Is the Classical World an Illusion?
摘要
Many physicists understand quantum mechanics as a theory that ushers in a showdown with respect to the understanding of reality offered by classical physics. These people point to quantum mechanical concepts like ‘quantum state’, ‘entanglement’, and ‘decoherence’, which they think truly represent reality very different from the one subscribed to in classical physics and everyday life. The chapter begins with a presentation of what these various concepts mean and of how the relatively new concept ‘decoherence’ is thought to stand for the dynamics which can account for the quantum–classical transition. Some claim based on a particular interpretation of decoherence, that the classical world—and thereby the manifest image—is a mere illusionary appearance.

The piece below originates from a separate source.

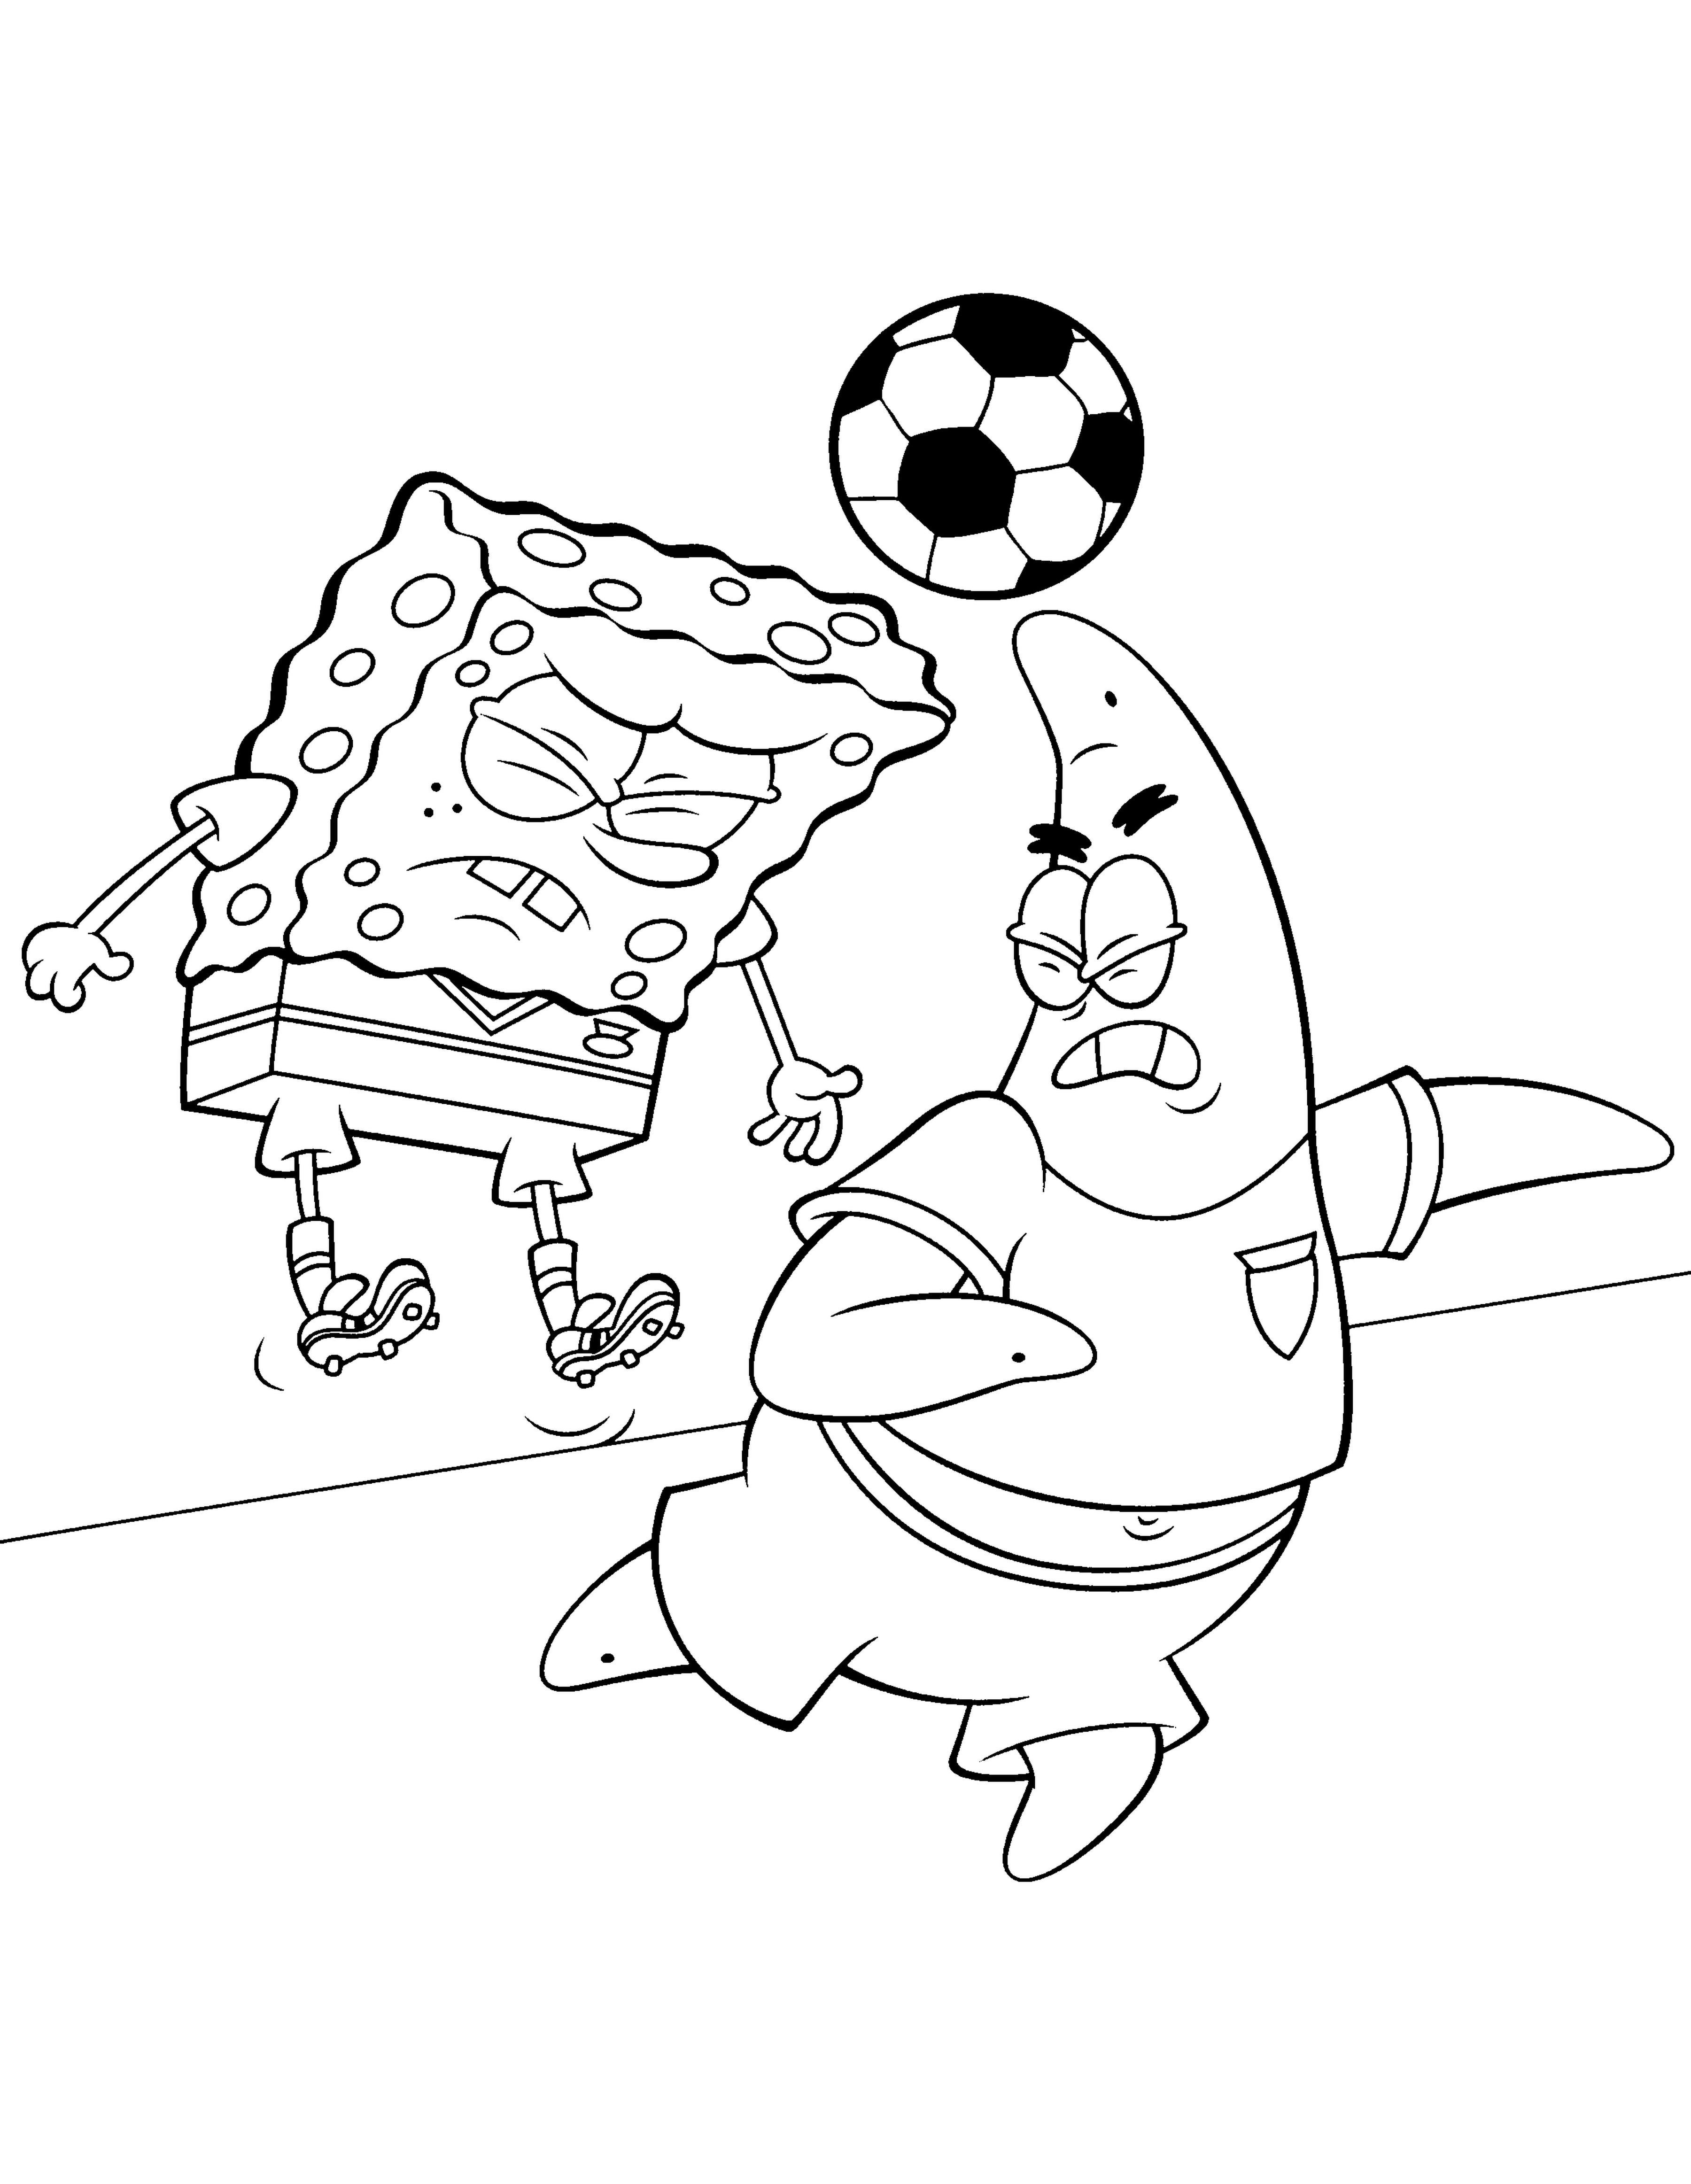 Disegno di Sponge Bob a calcio da colorare
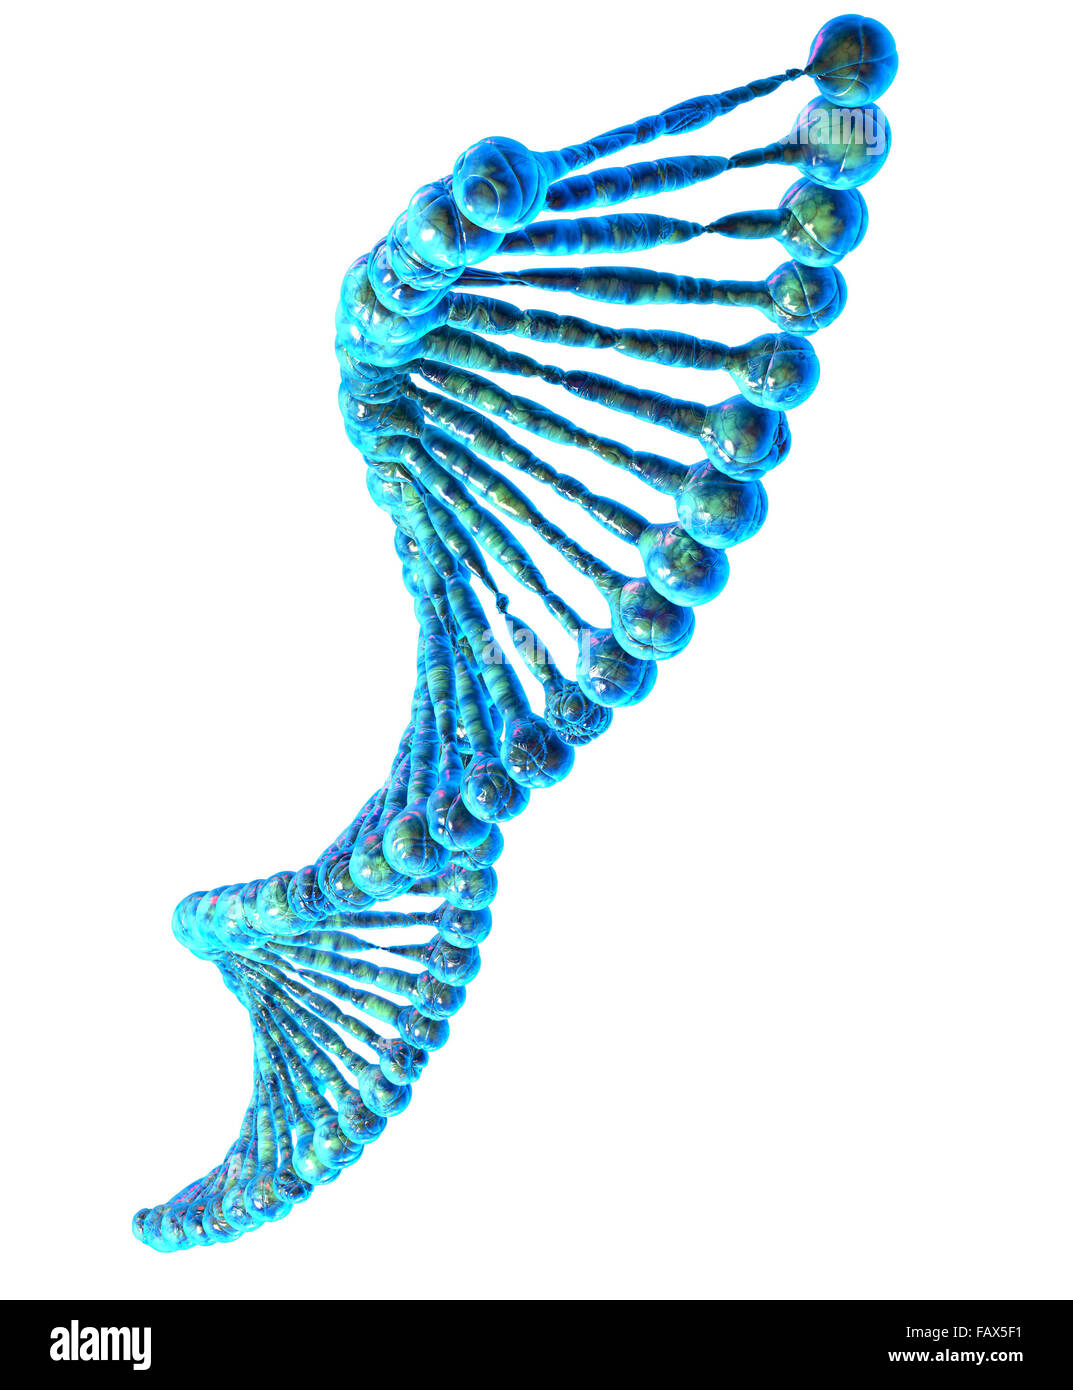 Hochauflösende 3d Render der menschlichen DNA-Zeichenfolge Stockfoto

Where Bohr saw quantum mechanics as a theory concerned with atomic entities as they appear to us, many contemporary physicists believe that quantum mechanics represents the world as it is in itself. The chapter discusses both views in detail and then argues that any viable ontology must also account for the existence of alleged simulacra as parts of reality. How the macroscopic world appears to us is also a fact of the world which quantum mechanics cannot explain, and which cannot be ignored if the scientific image should be a complete representation. Quantum mechanics cannot account for qualitative appearances (neither dependently nor independently of human consciousness) or the nature of consciousness as such. This excludes it from representing the whole reality.